ニトロチロシンについての紹介は、もう1つのチロシンのPTM:ホスホチロシン (図1B) についての言及なしには終われません。Lynチロシンキナーゼを含むSrcファミリータンパク質チロシンキナーゼ (SFK) では、SH2 (Src homology 2) ドメインが酵素活性を負に自己制御しています。SH2ドメインの決まった部位にホスホチロシンまたはニトロチロシンが形成されると、阻害が妨げられ、キナーゼ活性が活性化されます7
ニトロチロシンまたはホスホチロシンのアッセイに特異的な試薬を用いることにより (ホスホチロシンはPhospho-Tyrosine (P-Tyr-1000) MultiMab™ Rabbit mAb mix #8954の使用を推奨)、自然に存在するこれら2種類のPTMの役割が明らかにできるかもしれません。
特定のPTMを含む多くの基質に対して幅広い反応性を持つ汎PTM抗体については、複数の抗原を検出できることから、モノクローナル抗体よりもポリクローナル抗体の方が好まれることがあります。しかし、CSTの革新的なPTMScan®製品ラインの開発に用いられる抗原のデザインと抗体スクリーニングのプロセスは、特定のPTMを含む多くの基質を認識する能力といった独特な特徴を持つモノクローナル抗体を発見することができます。そのため、研究者は、モノクローナル抗体を用いる利点、すなわち抗体結合の安定性を享受しながら、単一の特異的なPTMを検出することができます。
ニトロチロシンについては、CSTは、RNS試薬であるPeroxynitriteで処理した細胞に含まれる多くの修飾タンパク質を認識する、WB用のモノクローナル抗体Nitro-Tyrosine (D2W9T) Rabbit mAb #92212を開発しました。PTMの特異性は2種類の方法で評価しました:
図2: モノクローナル抗体Nitro-Tyrosine (D2W9T) Rabbit mAb #92212を用いてウェスタンブロットで解析しました。未処理 (レーン1) またはPeroxynitrite処理 (レーン2) したHela細胞を、試薬未使用 (A)、または縮重ニトロチロシンペプチドライブラリー (B)、縮重ホスホチロシンペプチドライブラリー (C) を用いてブロックしました。
図3:未処理 (レーン1)、またはPeroxynitrite (レーン2)、Sodium dithionite (レーン3) 処理したHeLa細胞の抽出物を、モノクローナル抗体Nitro-Tyrosine (D2W9T) Rabbit mAb #92212を用いてウェスタンブロットで解析しました。
ニトロチロシンに対して特異的であることに加え、モノクローナル抗体は特定の配列を認識するため、製造時のトレーサビリティが容易であるという利点もあります。
WB試薬は、ニトロチロシンレベルを評価する便利な方法を提供しますが、ニトロチロシンタンパク質の明確な同定や、タンパク質上の個々の修飾部位の識別は困難です。ニトロチロシンを持つタンパク質と特定のニトロチロシン部位を同定するには、ニトロチロシンの濃縮が不可欠です。ニトロチロシン特異的抗体を用いてPTM含有ペプチドを濃縮するという構想は、1970年代に、ポリクローナル抗体を固定化したカラムを用いてin vitroでニトロシル化タンパク質からトリプシン処理したペプチドを濃縮することにより、初めて実証されました9。
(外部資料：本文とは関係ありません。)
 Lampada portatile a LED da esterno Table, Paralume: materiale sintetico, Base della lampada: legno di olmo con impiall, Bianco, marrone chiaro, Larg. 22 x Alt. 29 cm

この構想の、より新しいバージョンがPTMScan技術です。これは、PTM特異的抗体を用いた、カラム形式ではなく使いやすいビーズ懸濁液内で修飾ペプチドの濃縮を行うための、CSTが開発したワークフローです。PTMScanで濃縮したペプチドは、液体クロマトグラフィー質量分析法 (LCMS) で分析します。
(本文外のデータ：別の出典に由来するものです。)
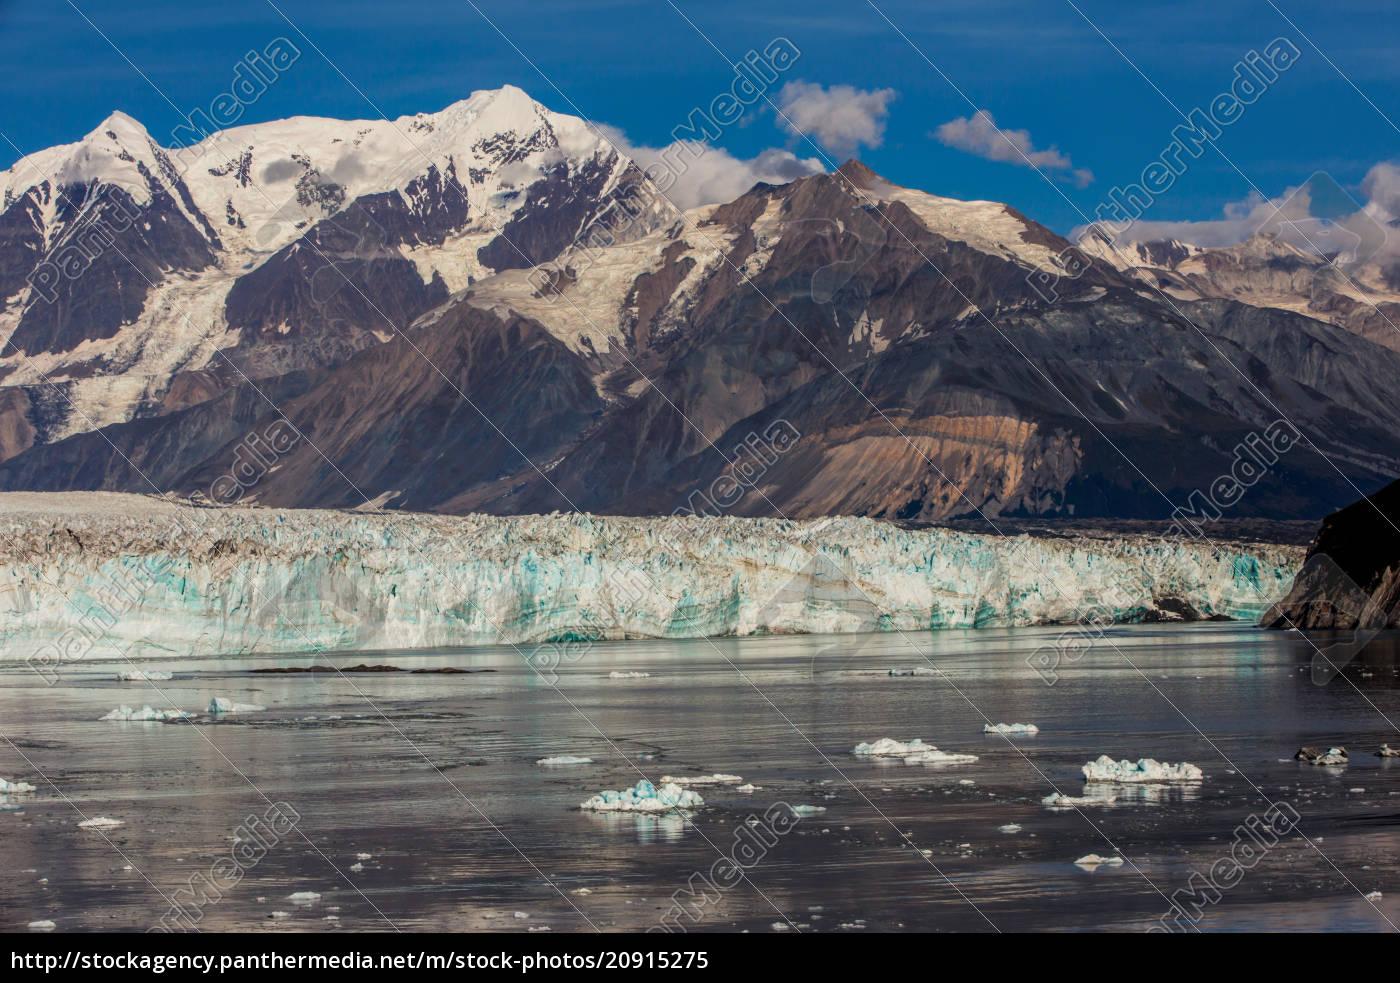 fahrt, reisen, farbe, amerikanisch, nationalpark, kalt - 20915275

関連リソース:プロテオミクス解析における革命:20年後のPTMScan
CSTは、ニトロチロシンペプチド濃縮用のPTMScan抗体-ビーズ製品であるPTMScan®Nitro-Tyrosine Motif [Nitro-Y] Kit #44462を発売しました。PTMScanアッセイは、WBアッセイに比べてより多くの試料を必要としますが (マイクログラムに対してミリグラム)、ニトロチロシン修飾部位を明確に同定・定量できる能力は、非常に貴重な利点となります。さらに、ニトロチロシン濃縮後に残ったペプチドサンプル (フロースルー) は、その後のPTMScanアッセイのインプットとして用いることができ、特定の研究において標的となるその他のPTMをモニタリングすることができます。CSTとデューク大学医学部との共同研究プロジェクトでは、このような連続的なPTMScan実験の例を報告しています。
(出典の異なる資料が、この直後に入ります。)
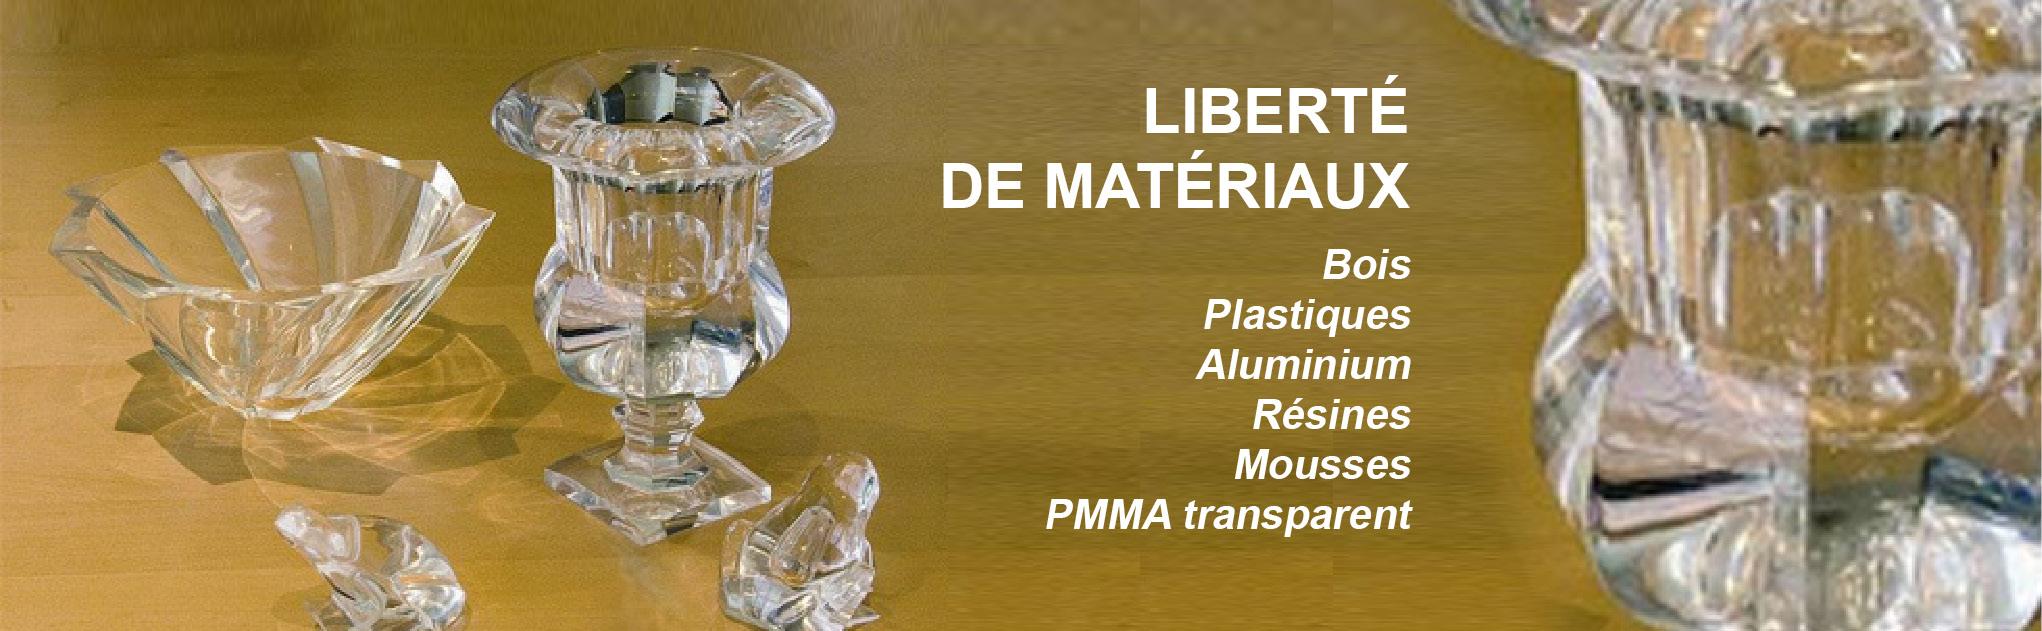 Liberté de matériaux

PTMScanニトロチロシンイムノアフィニティービーズを用いて、10 mgのHCT116細胞のインプットペプチドから数百もの固有のニトロチロシン部位を同定することができます (図4)。この同定された部位のシーケンスモチーフ解析から、抗体は隣接するアミノ酸に対してほとんどバイアスを持たないことが示唆されました。したがって、PTMScanニトロチロシンイムノアフィニティービーズは、様々な生物種 (すなわちマウス、ヒト) のニトロチロシン部位を分析するのに適した試薬です。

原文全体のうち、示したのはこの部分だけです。